CMH Homes, Inc. et al v. Goodner et al
Filing
33
ORDER granting 11 Motion to Dismiss for Lack of Jurisdiction. Case is dismissed without prejudice. Signed by Honorable Susan O. Hickey on September 10, 2012. (src)
IN THE UNITED STATES DISTRICT COURT
WESTERN DISTRICT OF ARKANSAS
HOT SPRINGS DIVISION
CMH HOMES, INC.; and
VANDERBILT MORTGAGE
AND FINANCE, INC.
VS.
PETITIONERS
CASE NO. 6:12-CV-06007
THOMAS R. GOODNER; and
LINDA D. GOODNER
RESPONDENTS
ORDER
Before the Court is Respondents’ Motion to Dismiss. (ECF No. 11). Petitioners have
responded (ECF No. 23), Respondents have replied (ECF No. 27), and Petitioners have surreplied. (ECF No. 30). The matter is ripe for the Court’s consideration. For the following
reasons, the motion will be granted.
BACKGROUND
This case is related to a case, Goodner v. Clayton Homes, No. 4:12-CV-04001, pending
in the Texarkana Division. Both cases arise from a state-court action the Goodners brought
against Clayton Homes and Vanderbilt Finance. The Goodners allege that Clayton and
Vanderbilt, who are subsidiaries of the same parent corporation, conspired in a kickback scheme
in which Clayton homes referred purchasers to Vanderbilt for financing. In return for the referral,
Vanderbilt would allegedly pay Clayton a kickback.

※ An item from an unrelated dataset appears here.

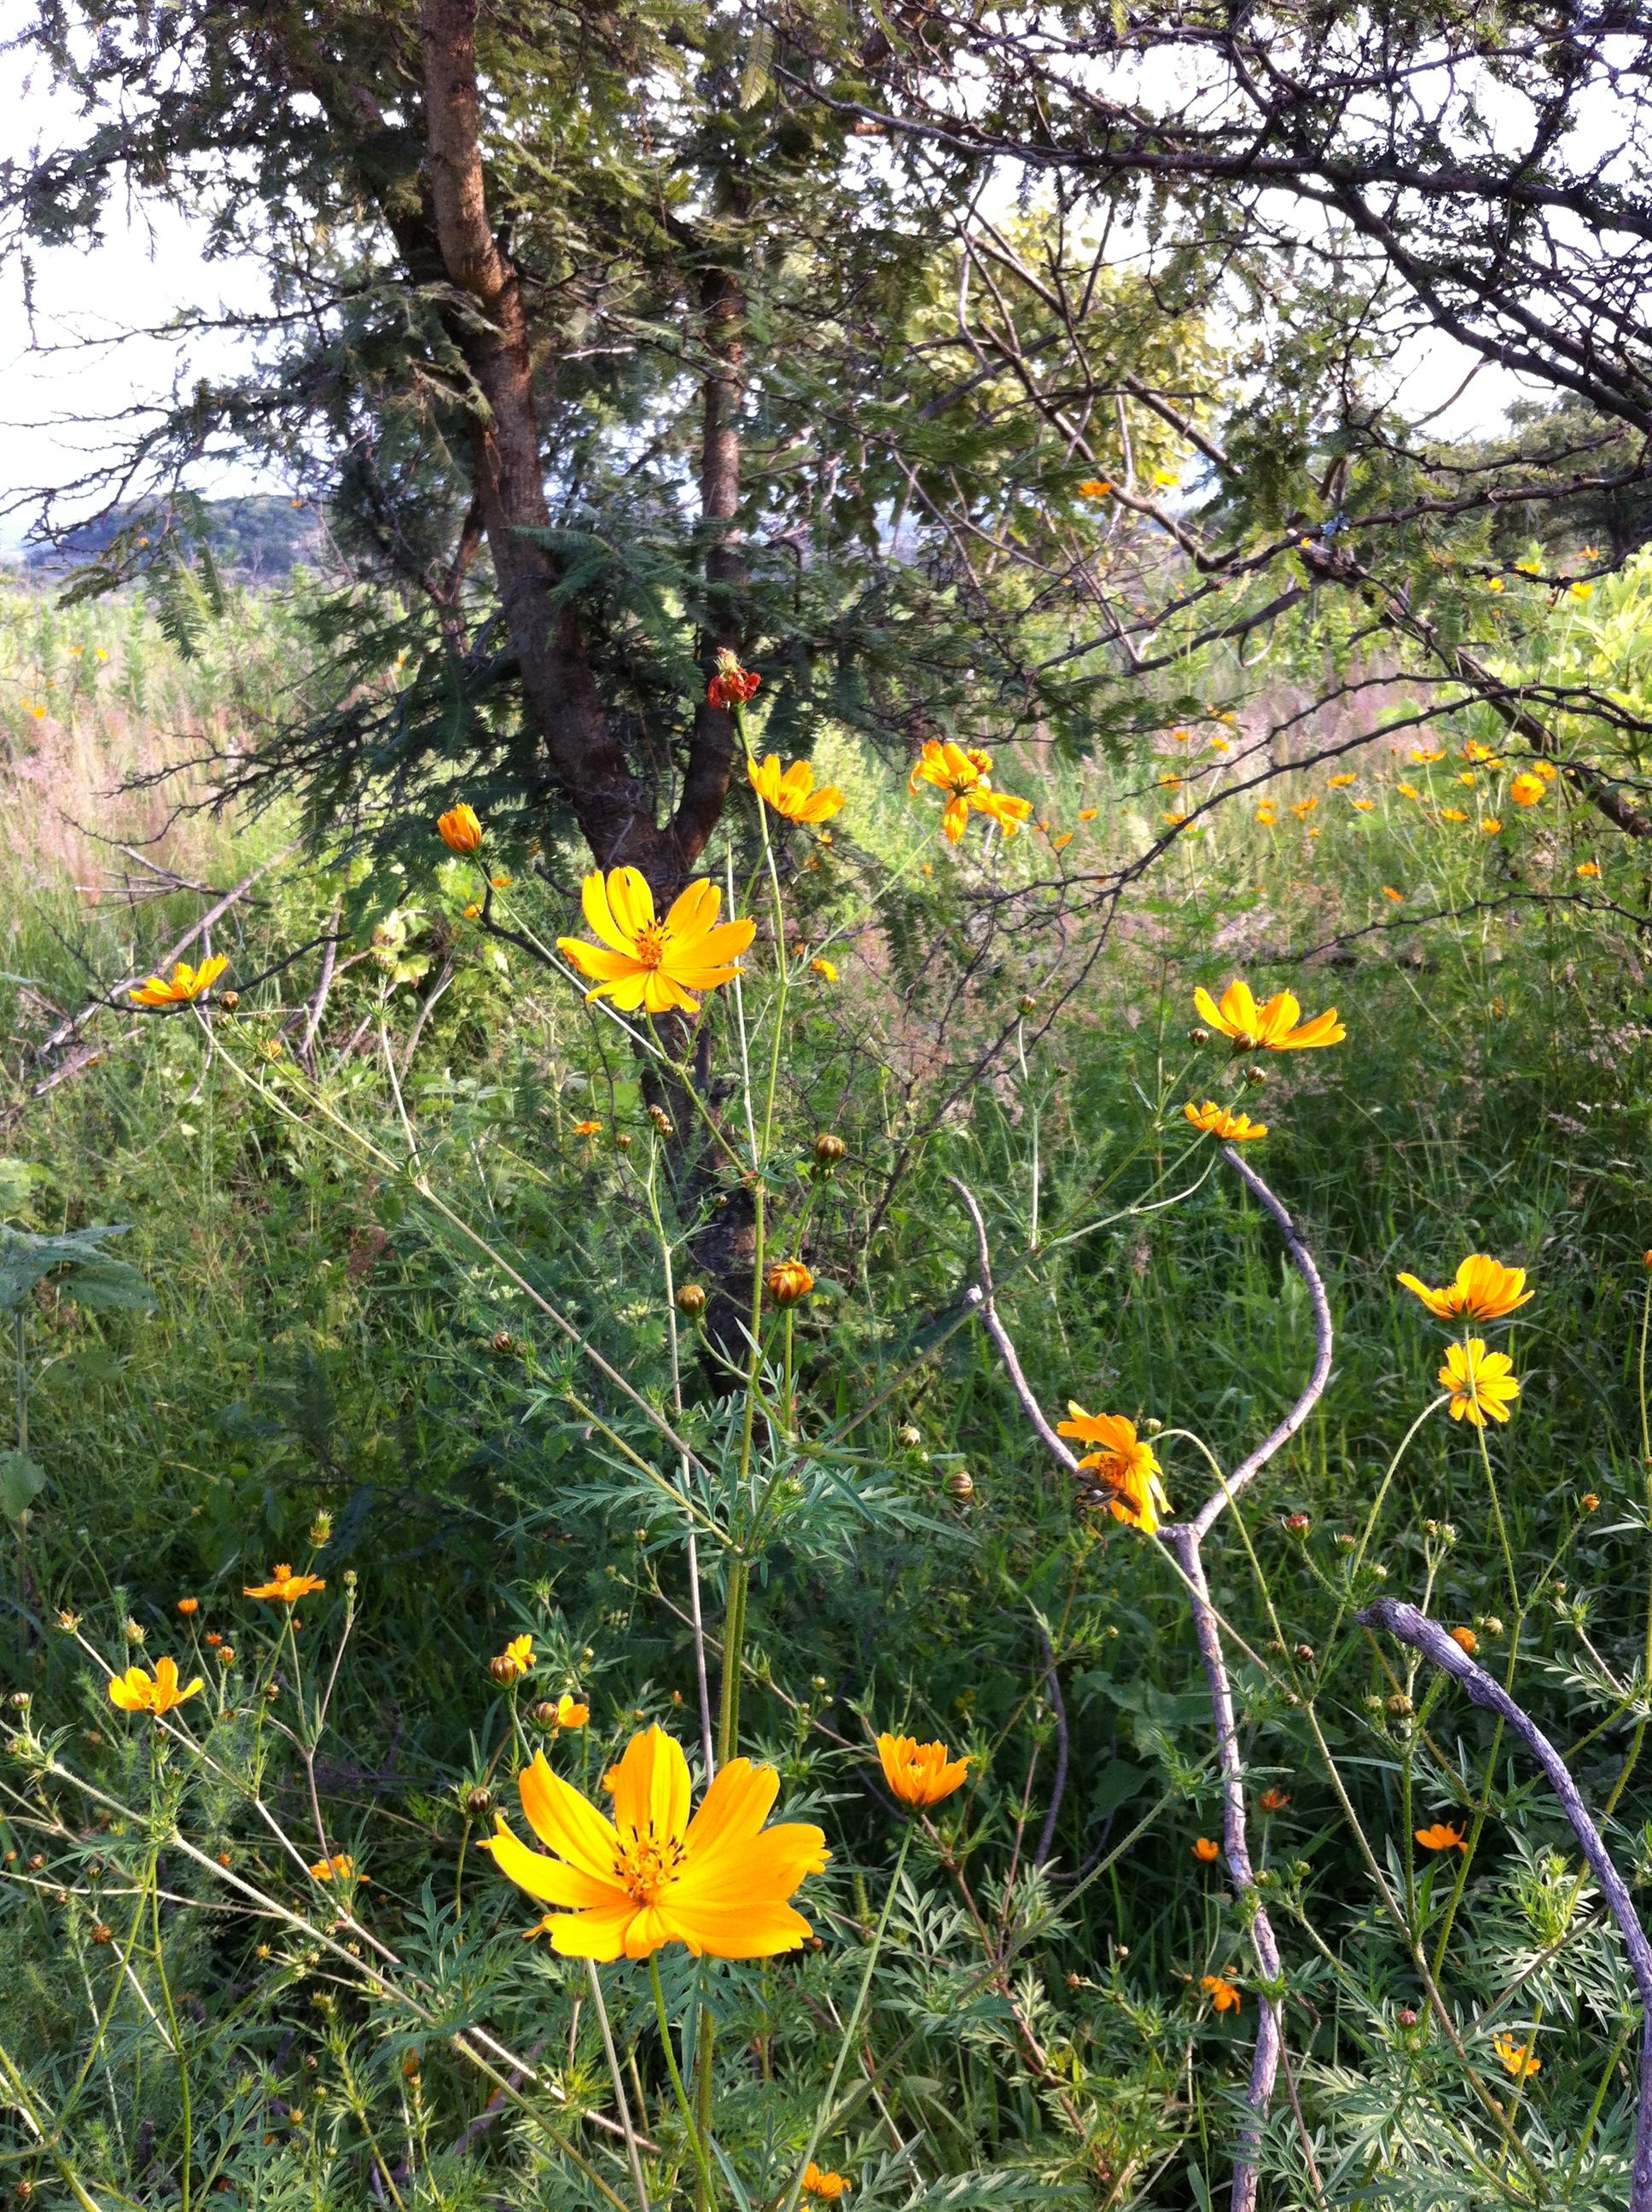 Brené Brown on Boundaries & Compassion

The Goodners filed the state-court suit in Lafayette County Circuit Court on November
10, 2011. Clayton and Vanderbilt filed this case in this Court on January 5, 2012, alleging that
the state-court suit is subject to mandatory arbitration. The next day, January 6, 2012, Clayton
and Vanderbilt removed the underlying state-court suit to this Court. Thus, there are now two
cases before the Court involving the same parties: this arbitration case, and the underlying
removal case, Goodner v. Clayton Homes, No. 4:12-CV-04001. The Goodners moved the Court
to remand the removed state-court case, and the Court has granted that motion. (Goodner v.
Clayton Homes, ECF No. 37). The Goodners have also moved the Court to dismiss this case
because subject-matter jurisdiction is lacking. That motion to dismiss is now before the Court.
STANDARD OF REVIEW
The Goodners move for dismissal under Federal Rule of Civil Procedure 12(b)(1). A
challenge to jurisdiction under Rule 12(b)(1) may proceed one of two ways: as a facial challenge,
or as a factual challenge. Osborn v. United States, 918 F.2d 724, 729 n.6 (8th Cir. 1990). The
difference boils down to what material the Court considers in deciding the motion.

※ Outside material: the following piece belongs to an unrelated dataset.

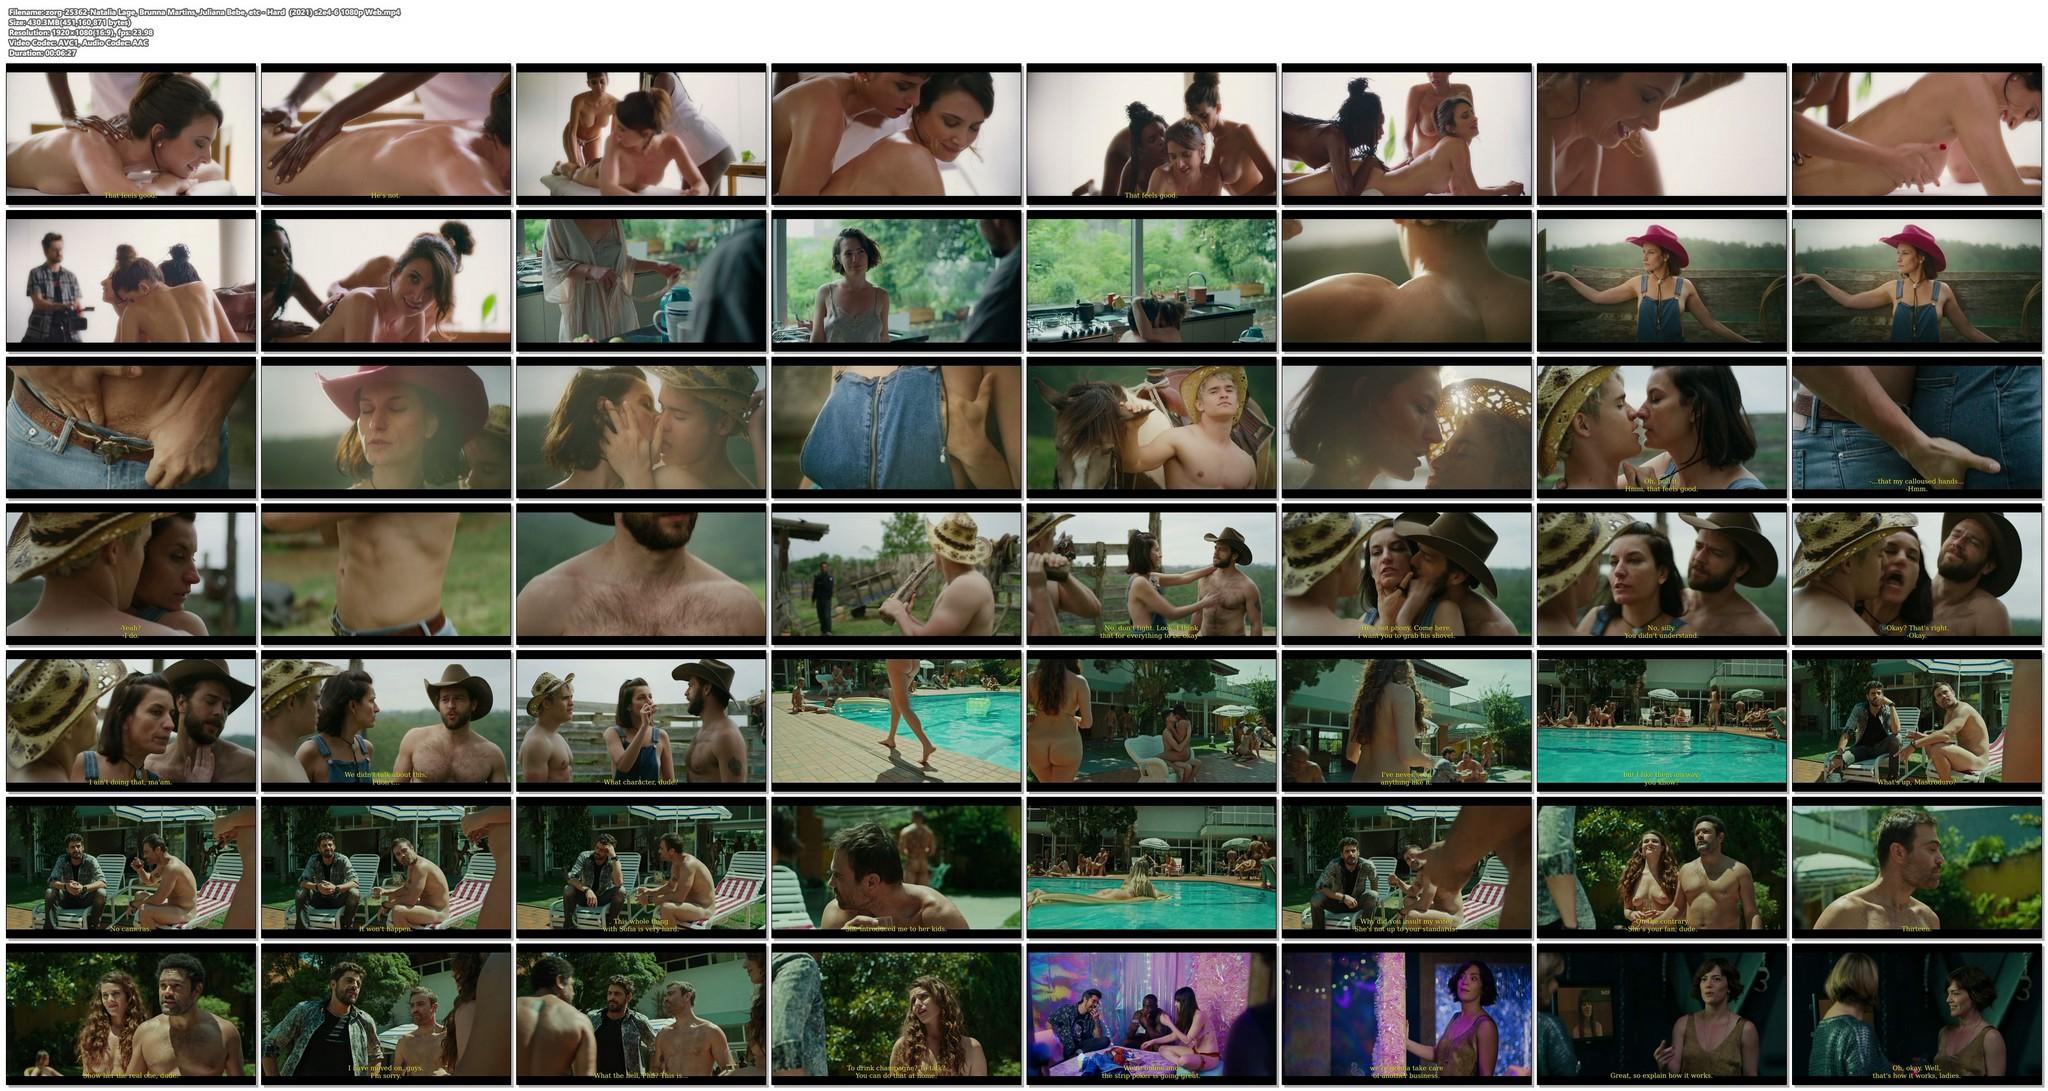 Natalia Lage nude sex Brunna Martins Juliana Bebe and oters nude too Hard 2021 s2e4 6 1080p Web 17

If the movant merely argues that the other party has not alleged sufficient jurisdictional
facts, then the Court looks only at the pleadings and essentially uses the Rule 12(b)(6) standard
to determine whether the complaint states a facially plausible jurisdiction claim. Id.; Ashcroft v.

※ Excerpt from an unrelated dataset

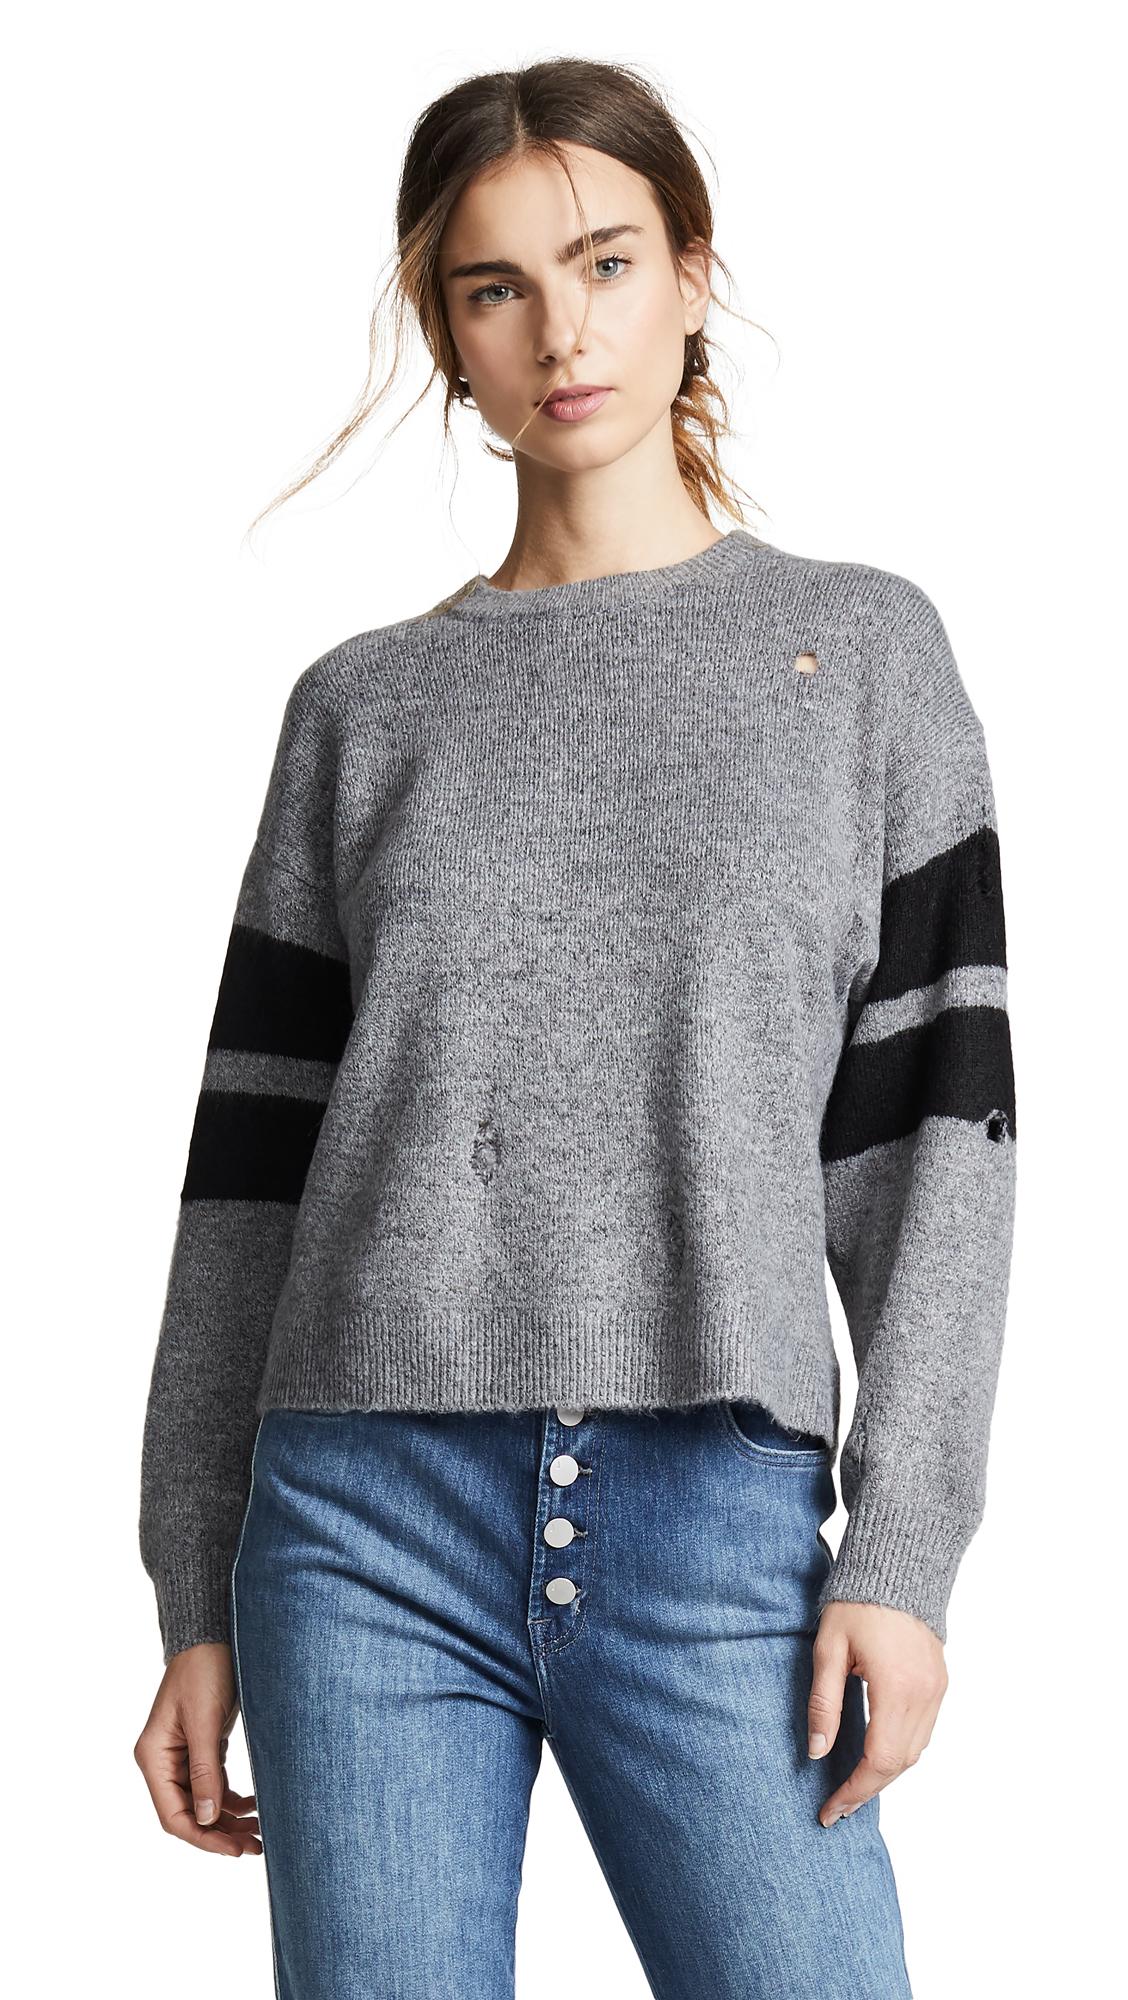 Yates Sweater in Gray

Iqbal, 556 U.S. 662, 677–78 (2009) (stating the post-Twombly standard for rule 12(b)(6)). That
type of challenge is a facial challenge.
If, on the other hand, the movant challenges the factual accuracy of the other party’s
jurisdiction claims and asks the Court to consider matters outside the pleadings to determine their
accuracy, then the Court determines the factual accuracy of the jurisdiction claims without giving
the other party any beneficial 12(b)(6) assumption. Osborn, 918 F.2d at 729 n.6; Titus v.
Sullivan, 4 F.3d 590, 593 (8th Cir. 1993). That type of challenge is a factual challenge.
2
Because the Goodners are challenging the factual accuracy of Clayton and Vanderbilt’s
jurisdiction claims—particularly the amount in controversy—the Court considers the Goodners’
challenge a factual one.
DISCUSSION
Clayton and Vanderbilt brought this suit under section 4 of the Federal Arbitration Act, 9
U.S.C. § 4 (2006). The Goodners argue that the Court does not have jurisdiction over the suit. To
enforce an arbitration agreement, a party may petition any federal district court “which, save for
such agreement, would have jurisdiction…of the subject matter of a suit arising out of the
controversy between the parties….” 9 U.S.C. § 4. In other words, the existence of an arbitration
agreement does not itself provide federal jurisdiction—the statute requires an “independent
jurisdictional basis.” Hall St. Assocs., L.L.C. v. Mattel, Inc., 552 U.S. 576 (2008) (quoting Moses
H. Cone Mem’l Hosp. v. Mercury Constr. Corp., 460 U.S. 1, 25 n.32 (1983)).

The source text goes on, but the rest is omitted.